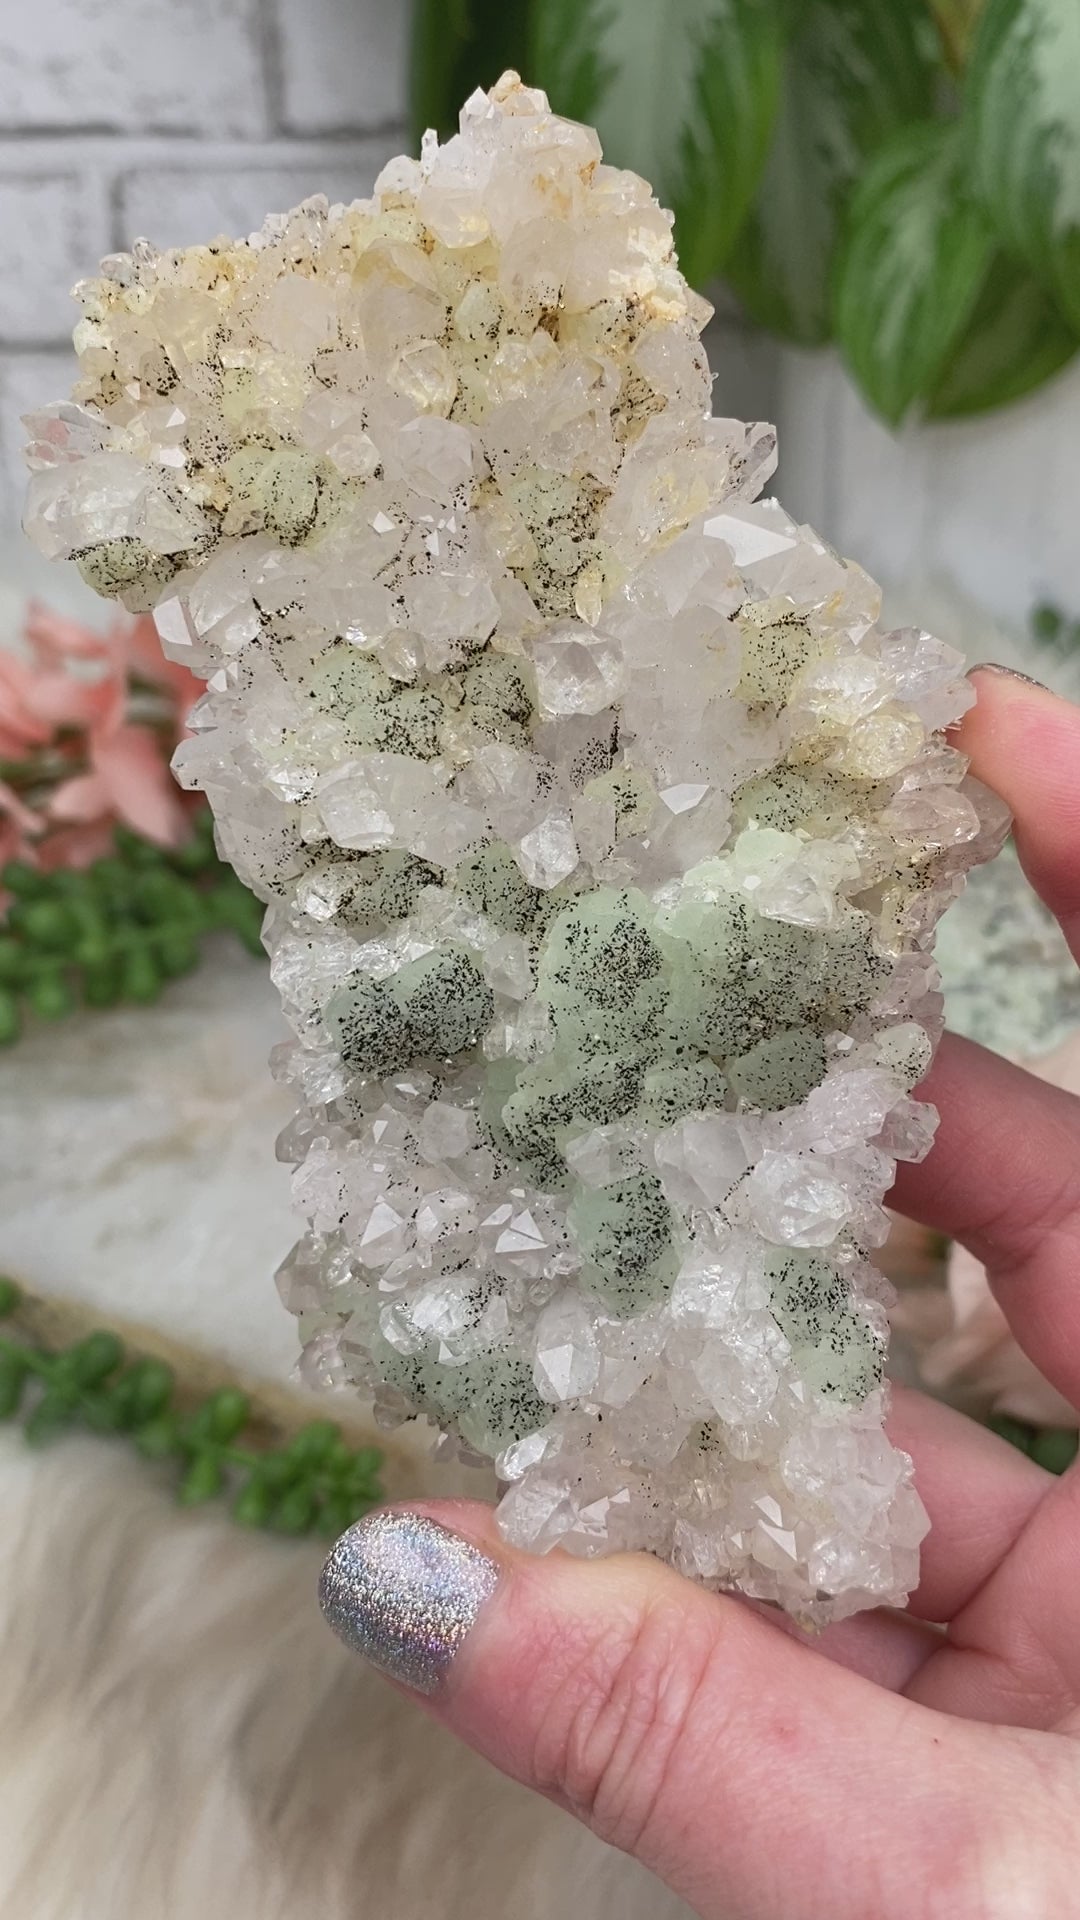 green-epidote-babingtonite-quartz
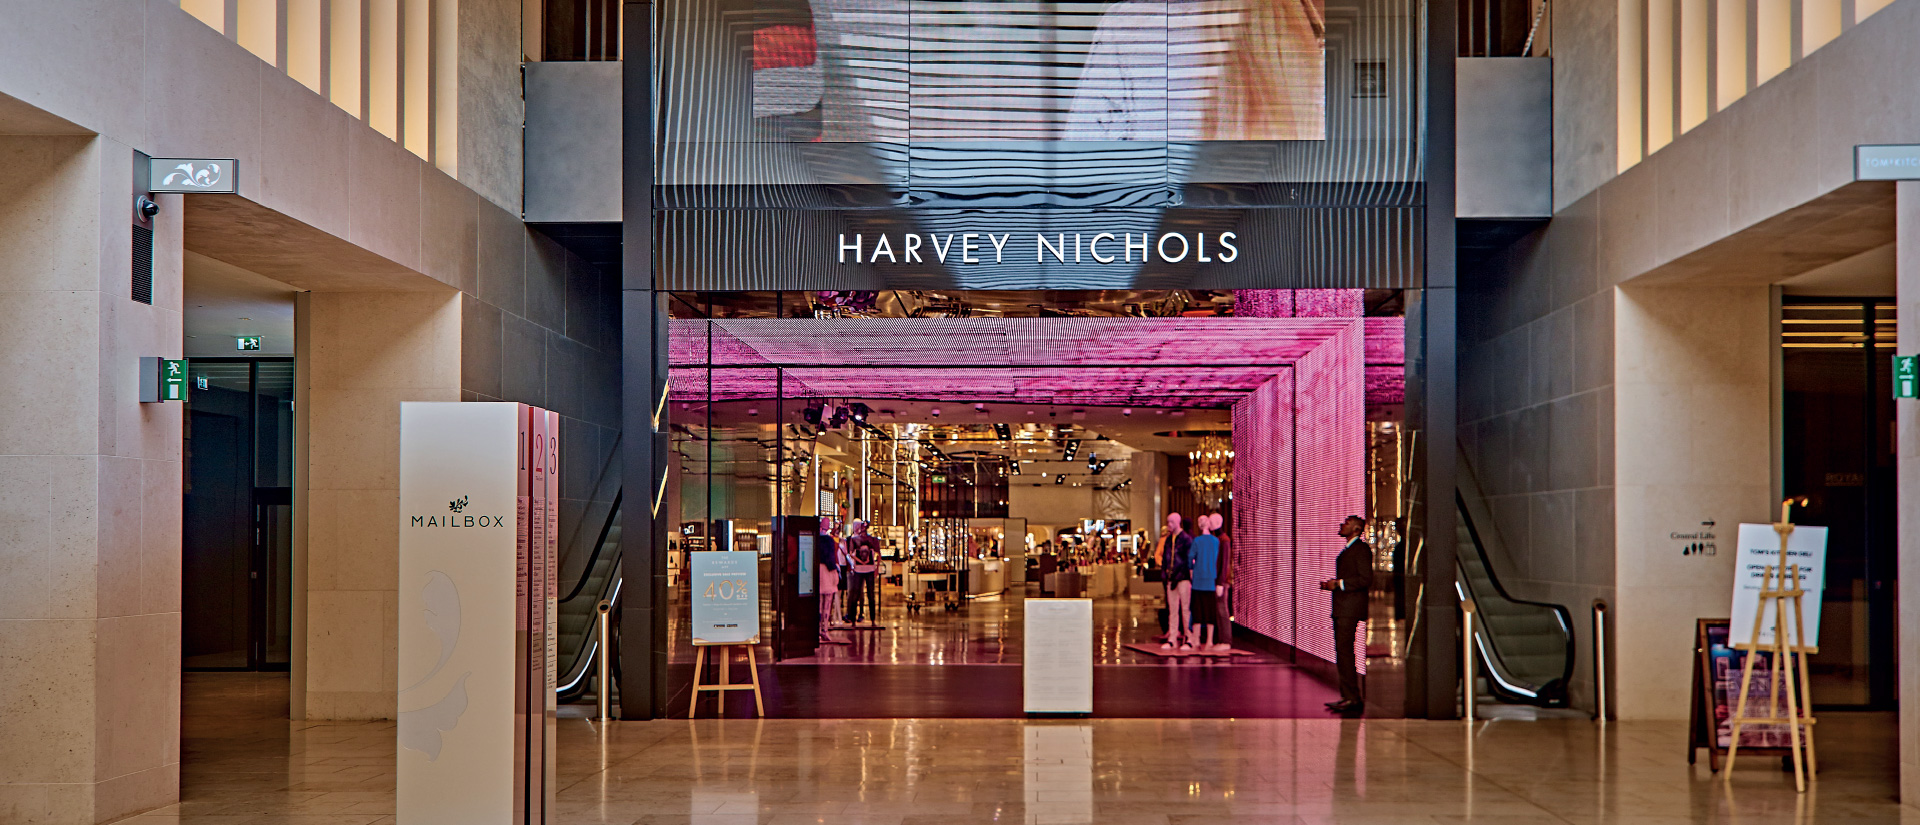 Harvey Nichols in Birmingham City Centre
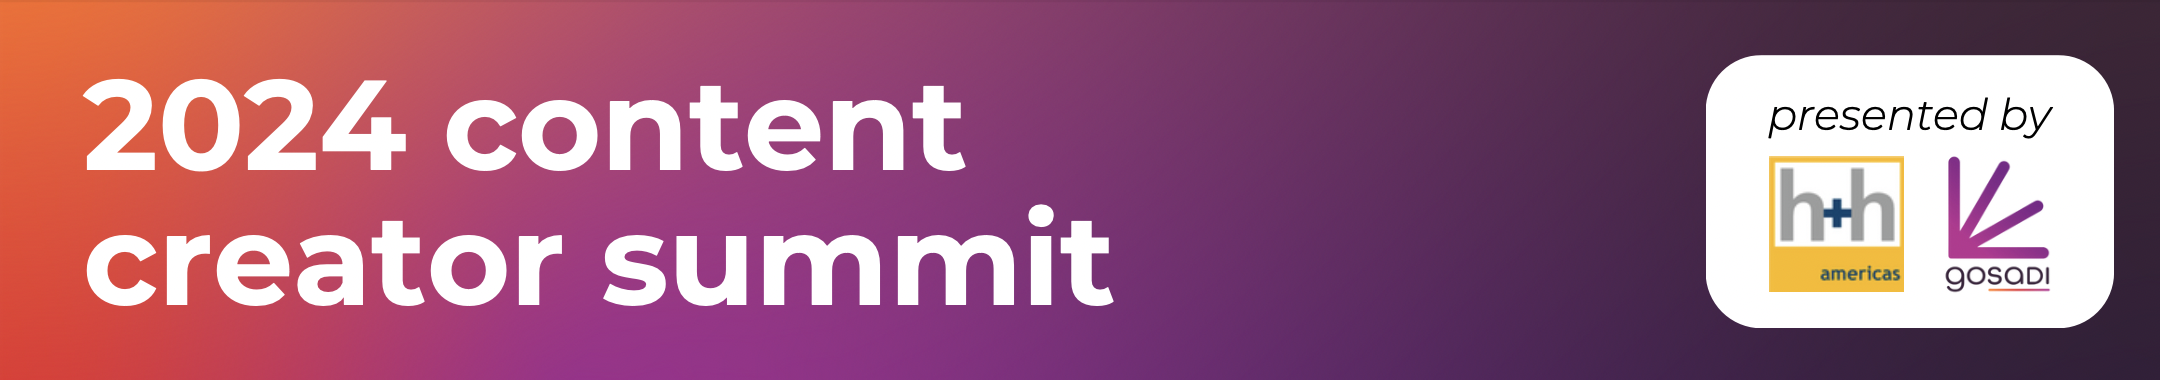 2024 content creator summit presented by h+h Americas & gosadi
━━━━━━━━━━━━━━━━━━━━
What you have to do
Please copy the data above exactly, omitting the pictures.

Expected answer
 green-epidote-babingtonite-quartz
 Harvey Nichols in Birmingham City Centre
 2024 content creator summit presented by h+h Americas & gosadi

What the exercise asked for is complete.